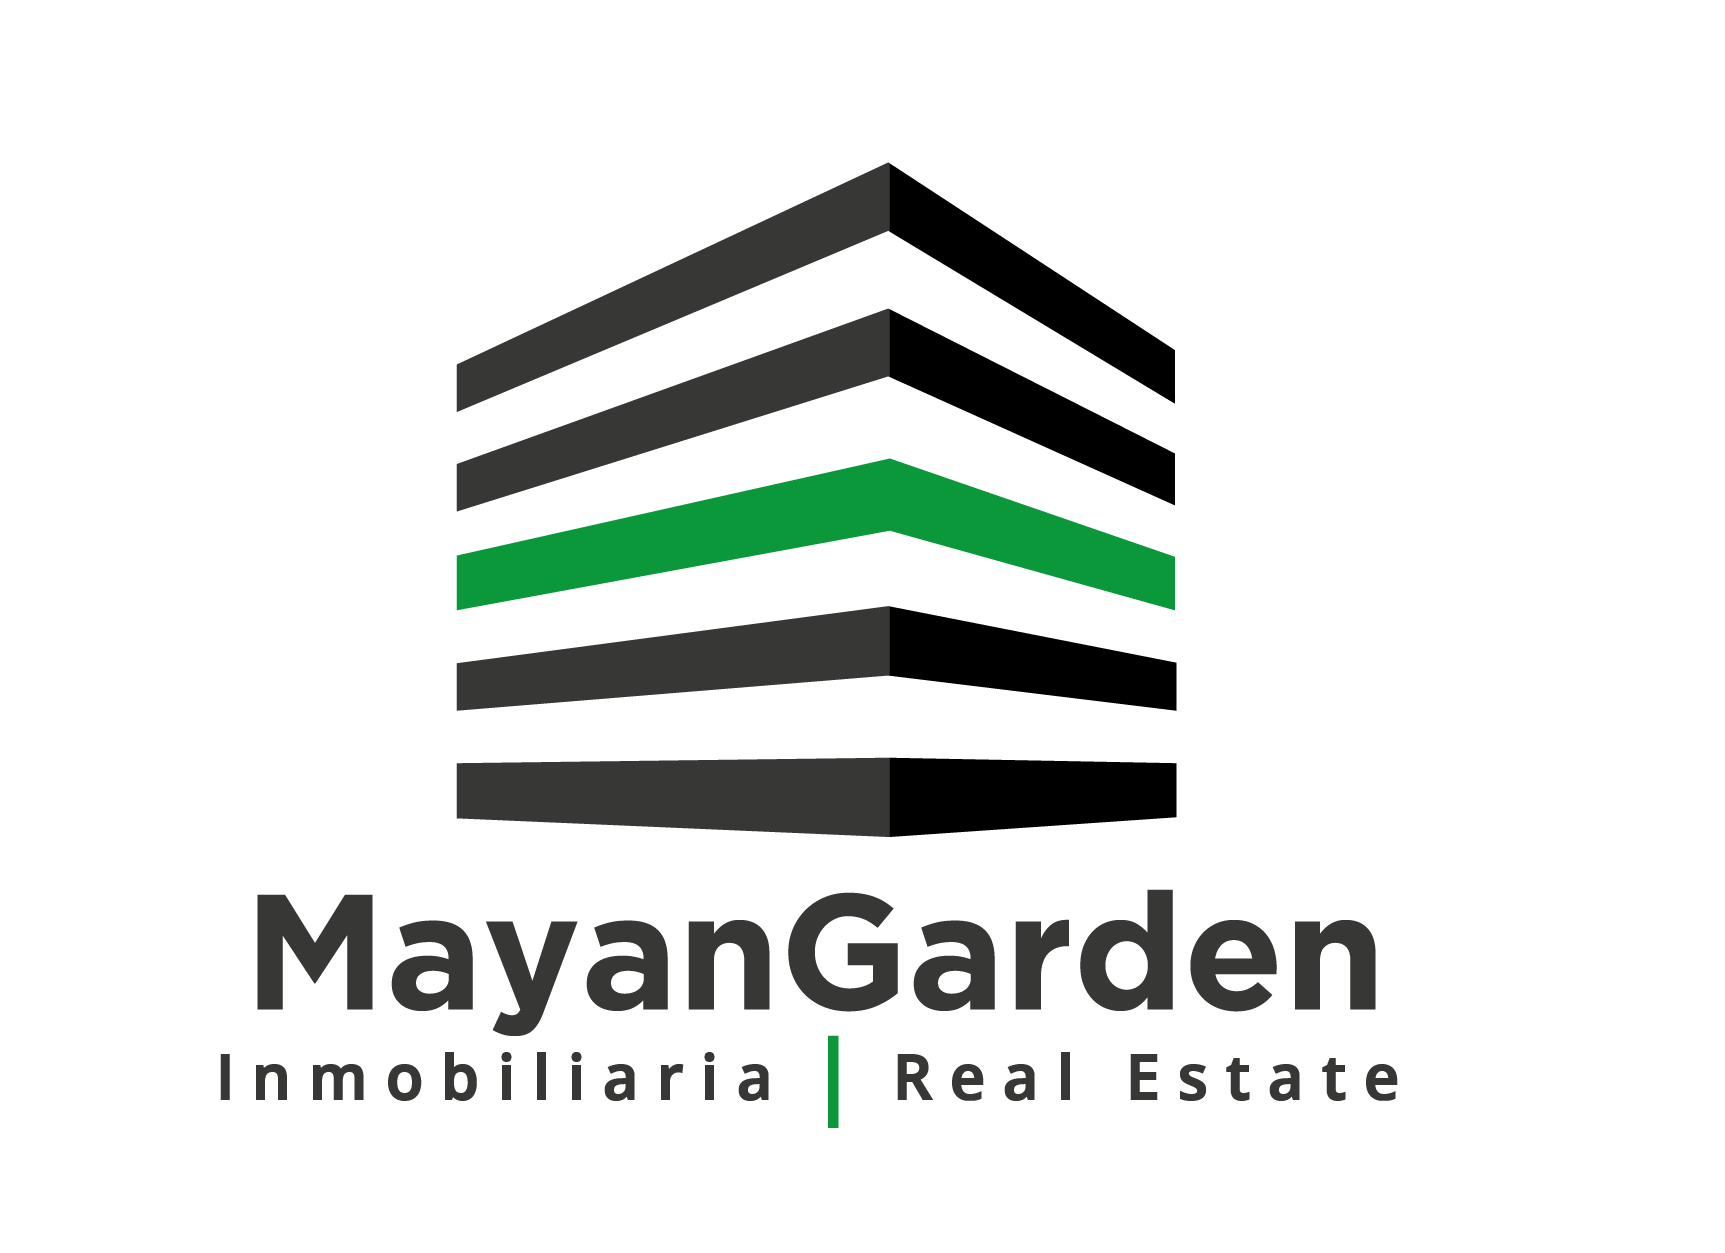 MayanGarden-Grosor2.png
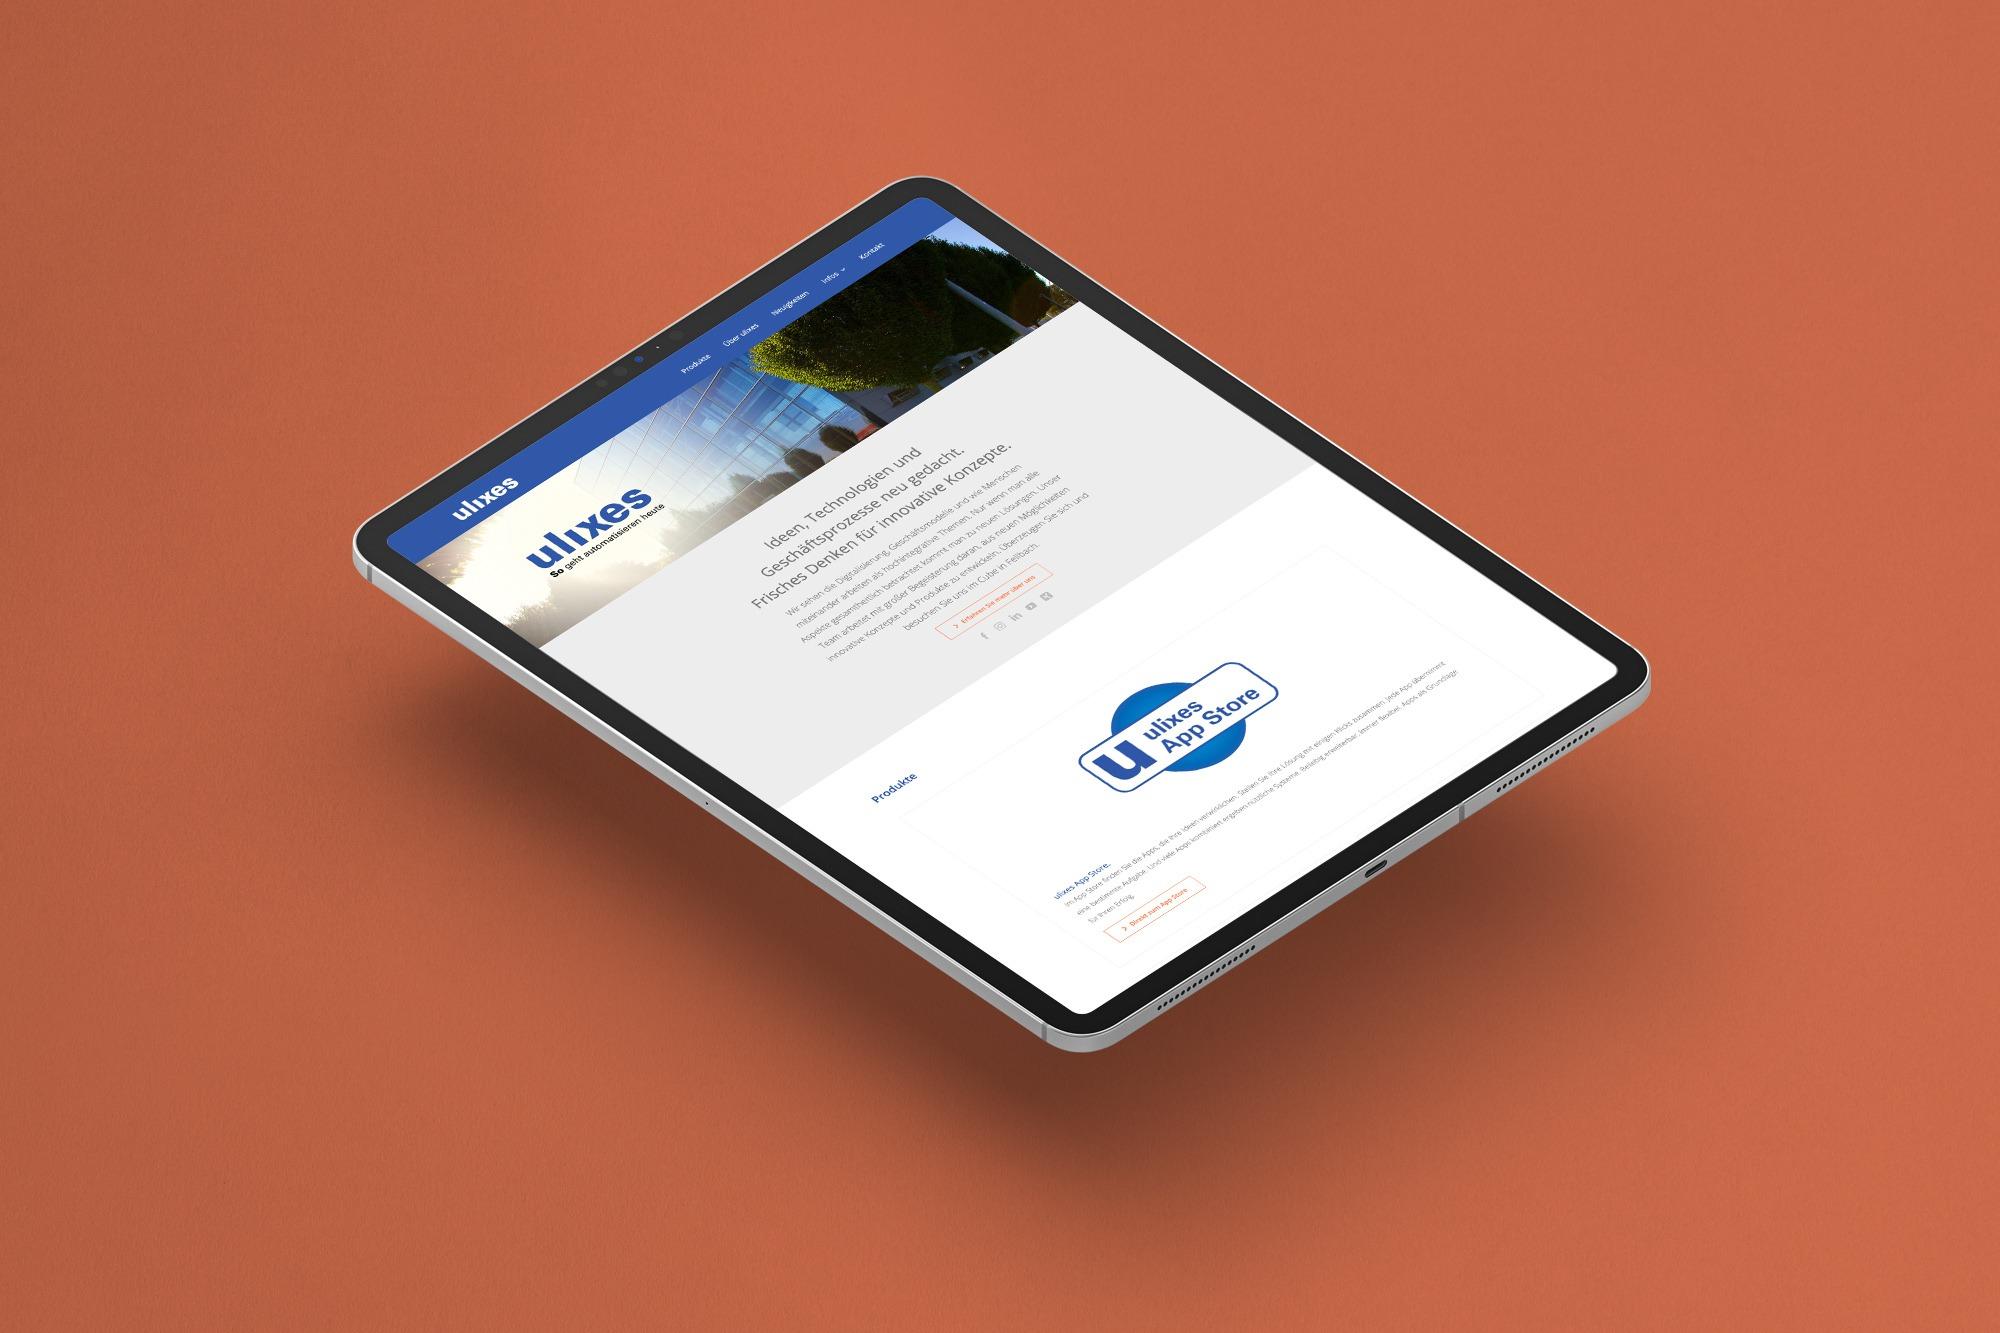 Studio dos, Grafikdesign Osnabrück, ulixes Robotersysteme Webseite auf orangefarbenem Hintergrund
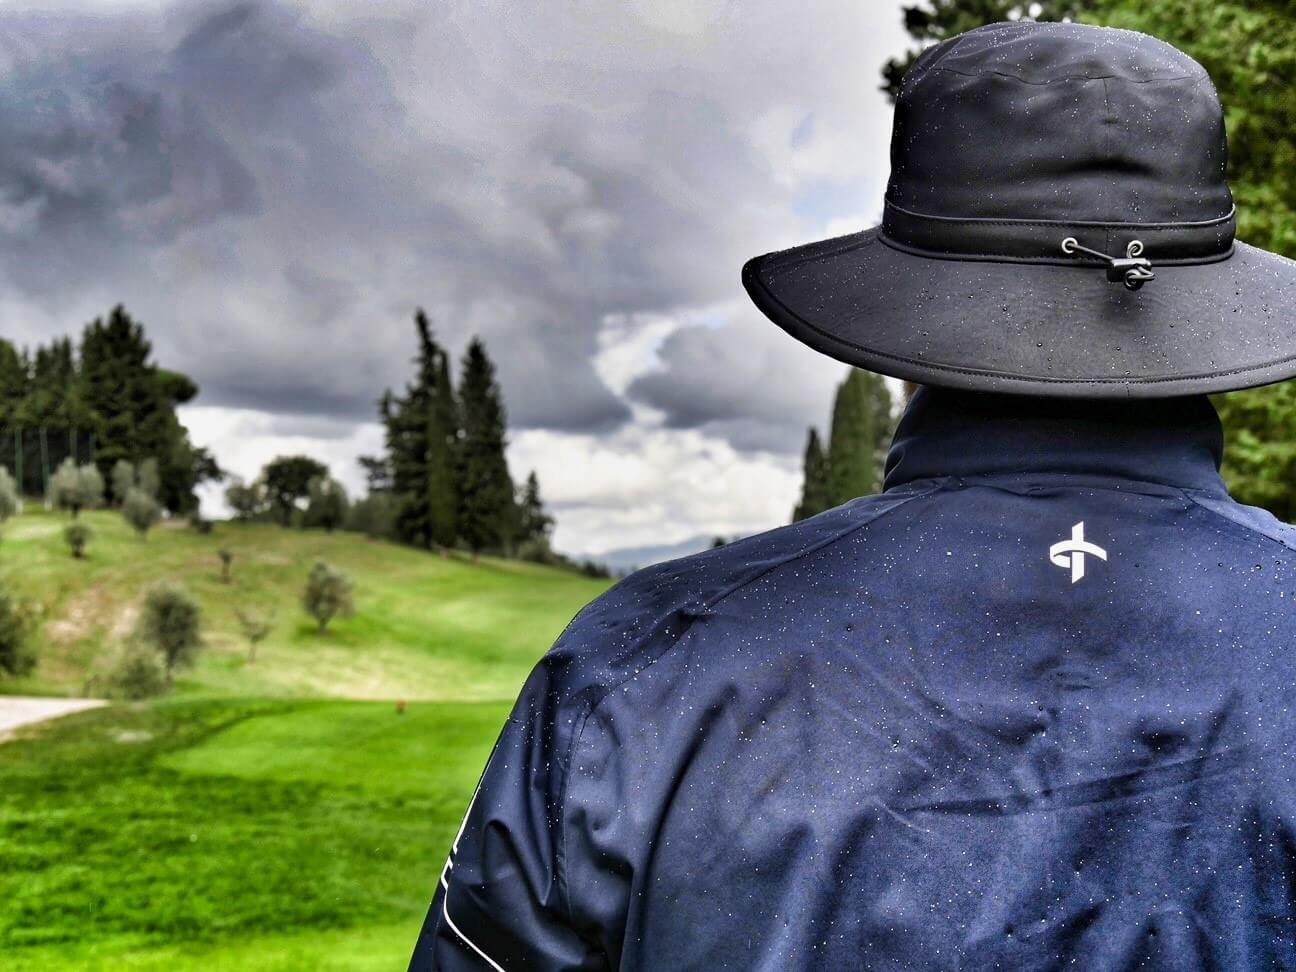 Golfspass bei niedrigen Temperaturen und Regen

§

# Problem requirements:
Restate the listing word for word, pictures excluded.

# The answer:
 MayanGarden-Grosor2.png
 Studio dos, Grafikdesign Osnabrück, ulixes Robotersysteme Webseite auf orangefarbenem Hintergrund
 Golfspass bei niedrigen Temperaturen und Regen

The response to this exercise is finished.